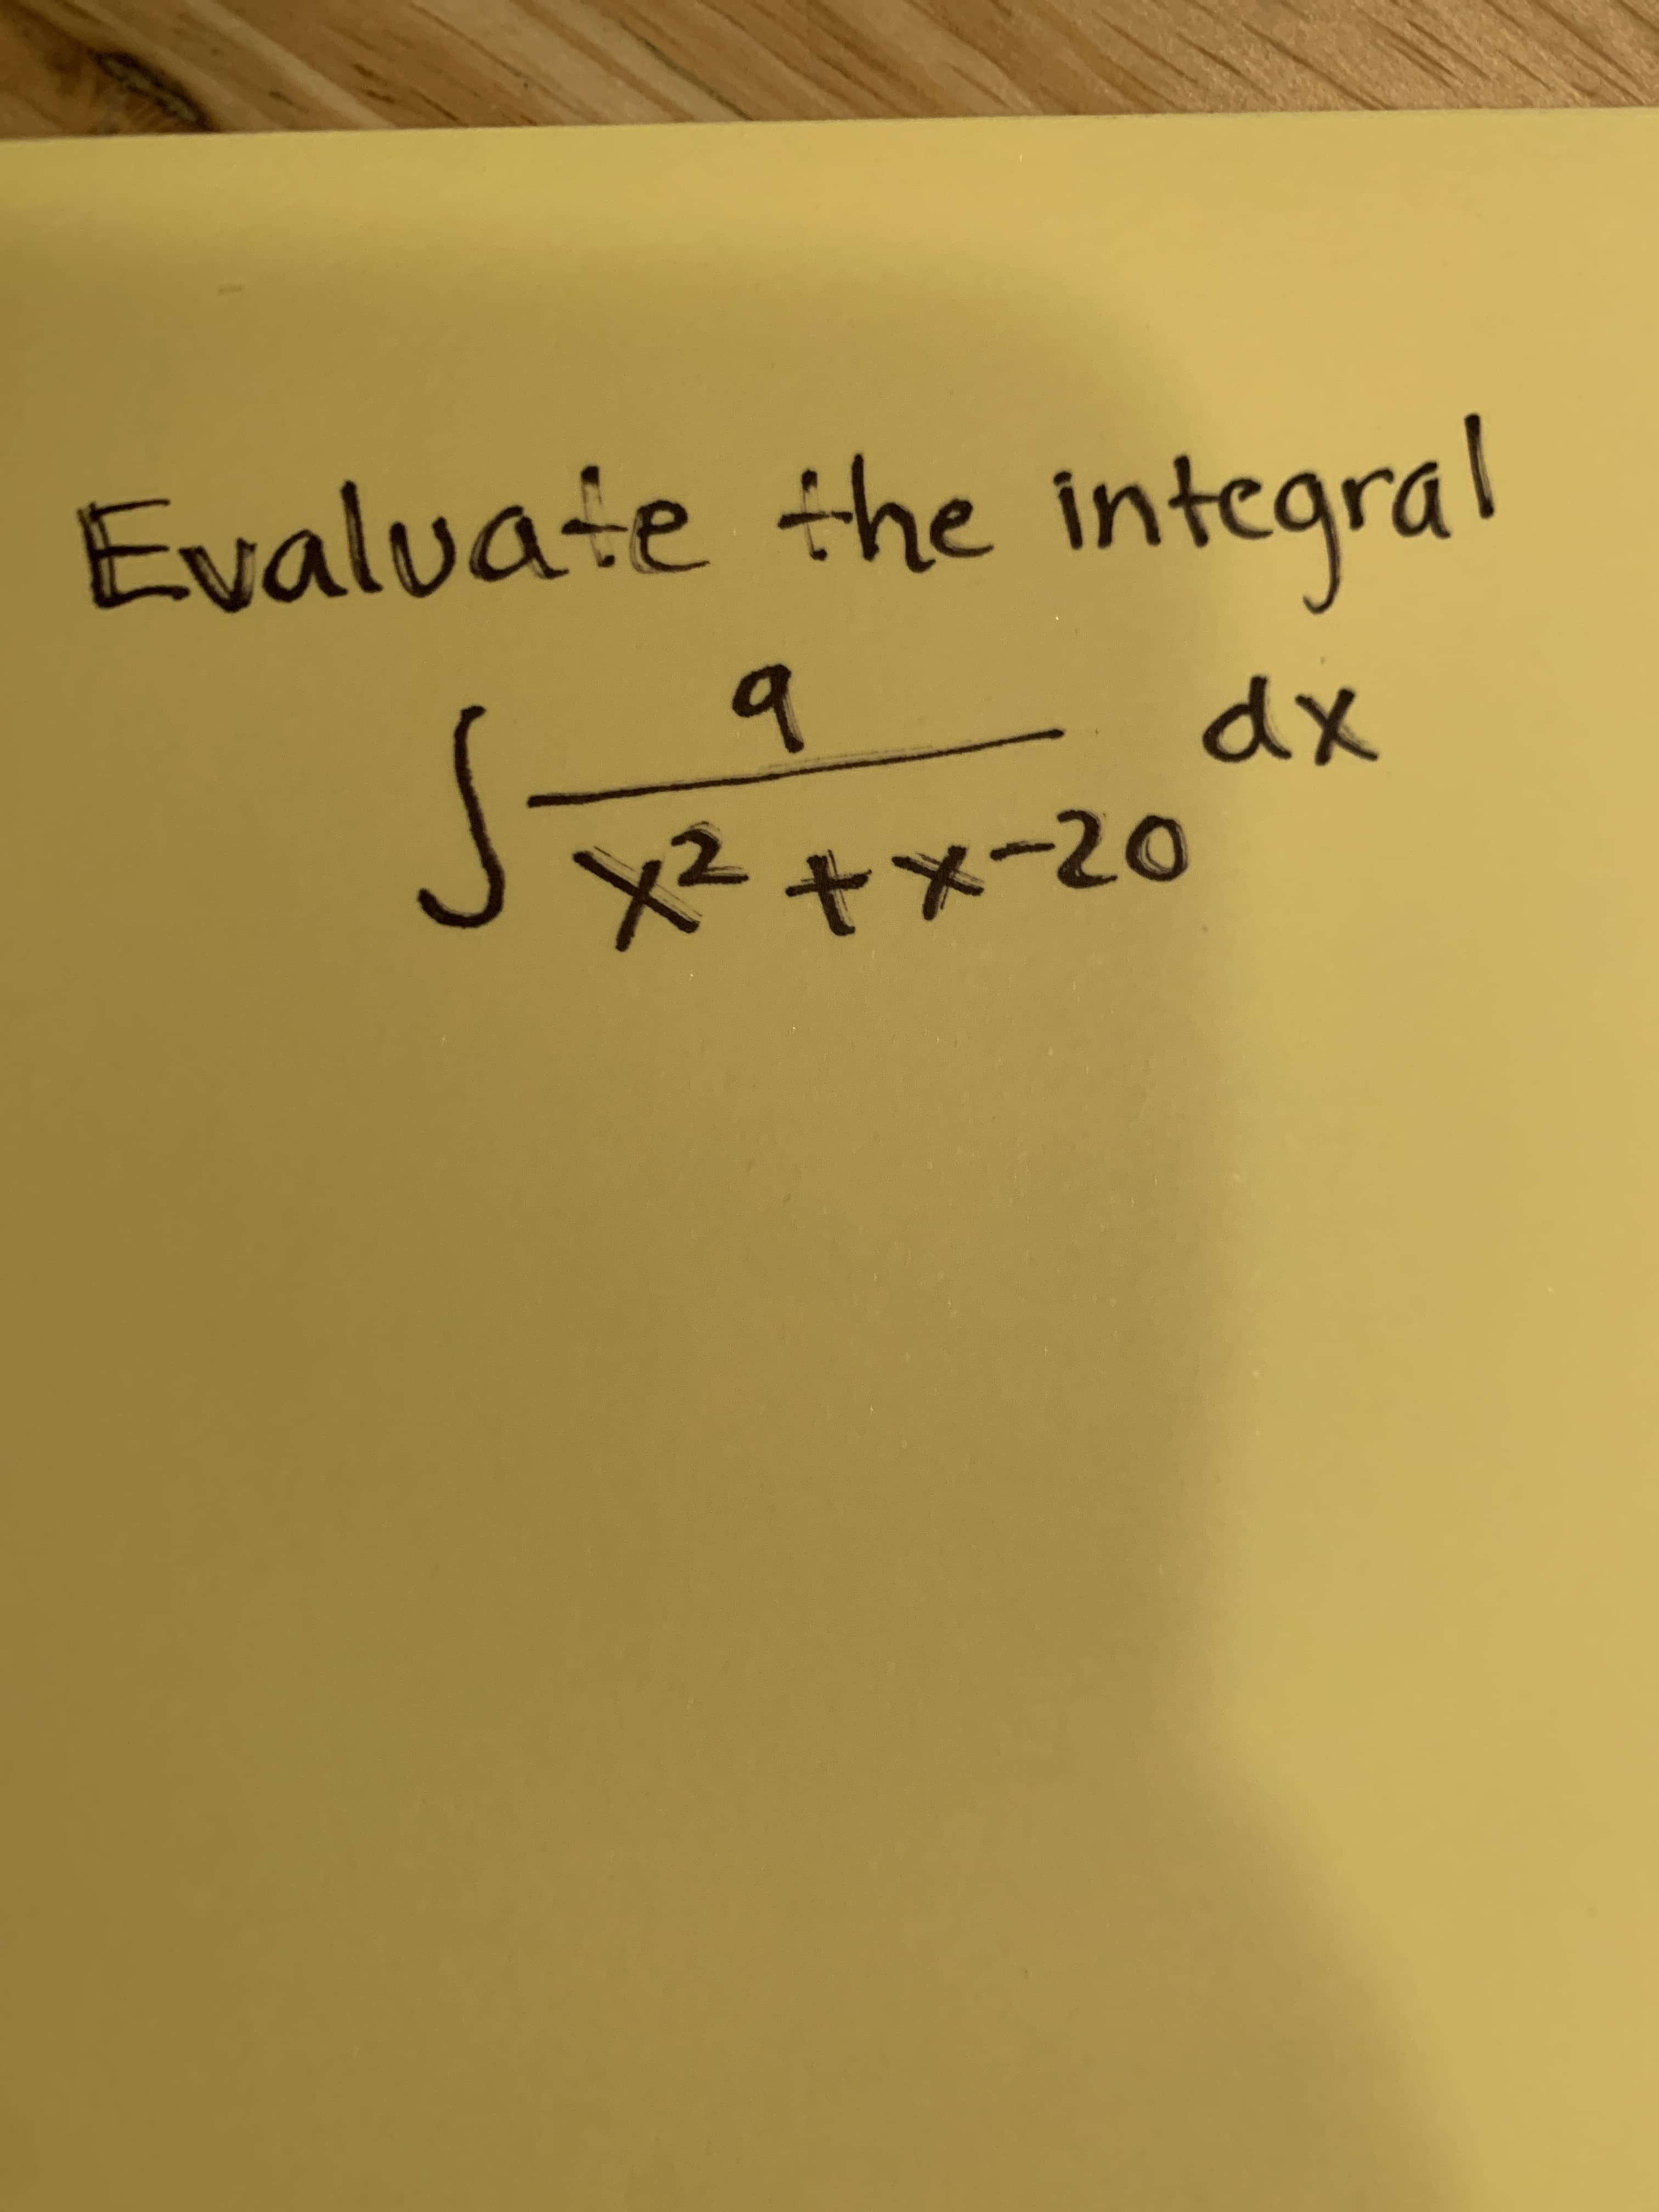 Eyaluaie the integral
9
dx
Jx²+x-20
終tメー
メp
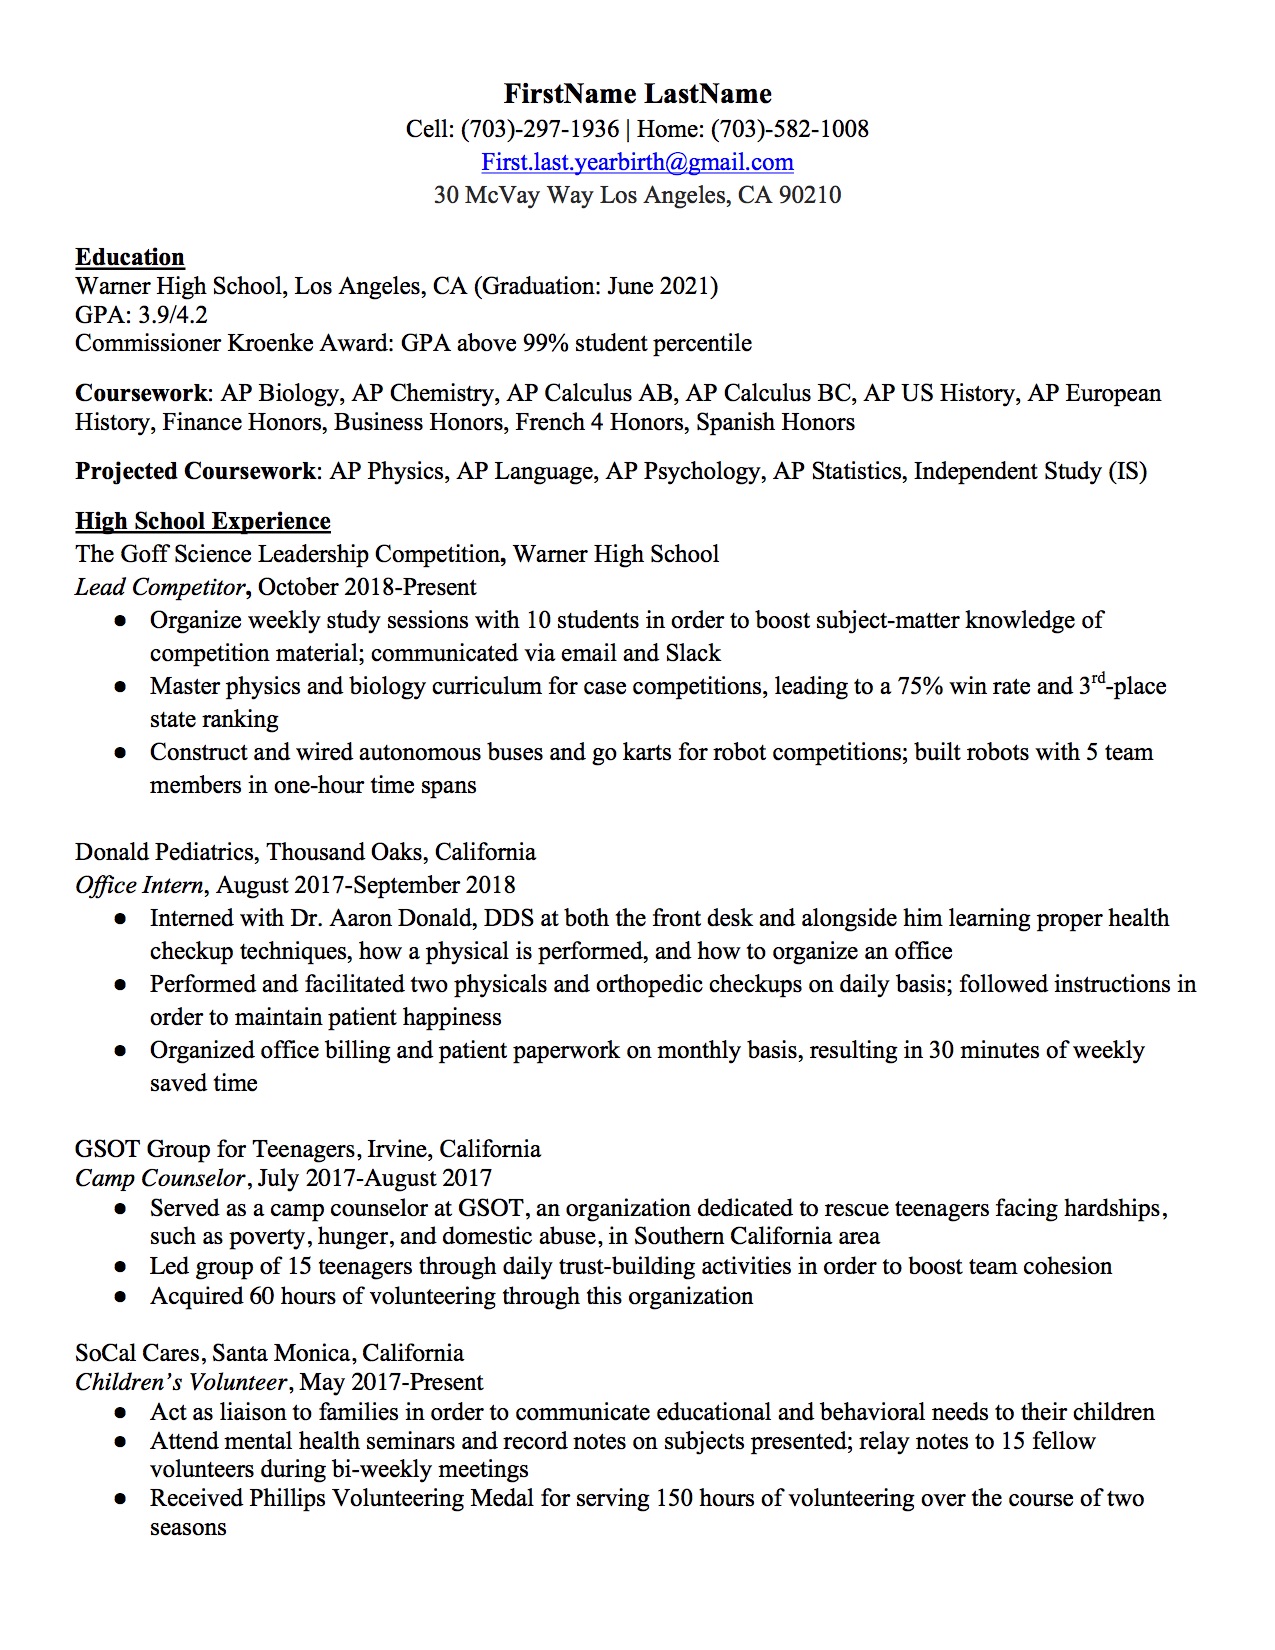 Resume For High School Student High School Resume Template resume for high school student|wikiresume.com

**To do:**
What is needed is the full material, retyped unchanged, with no pictures in it.

**Answer below:**
 Eyaluaie the integral
9
dx
Jx²+x-20
終tメー
メp
 Resume For High School Student High School Resume Template resume for high school student|wikiresume.com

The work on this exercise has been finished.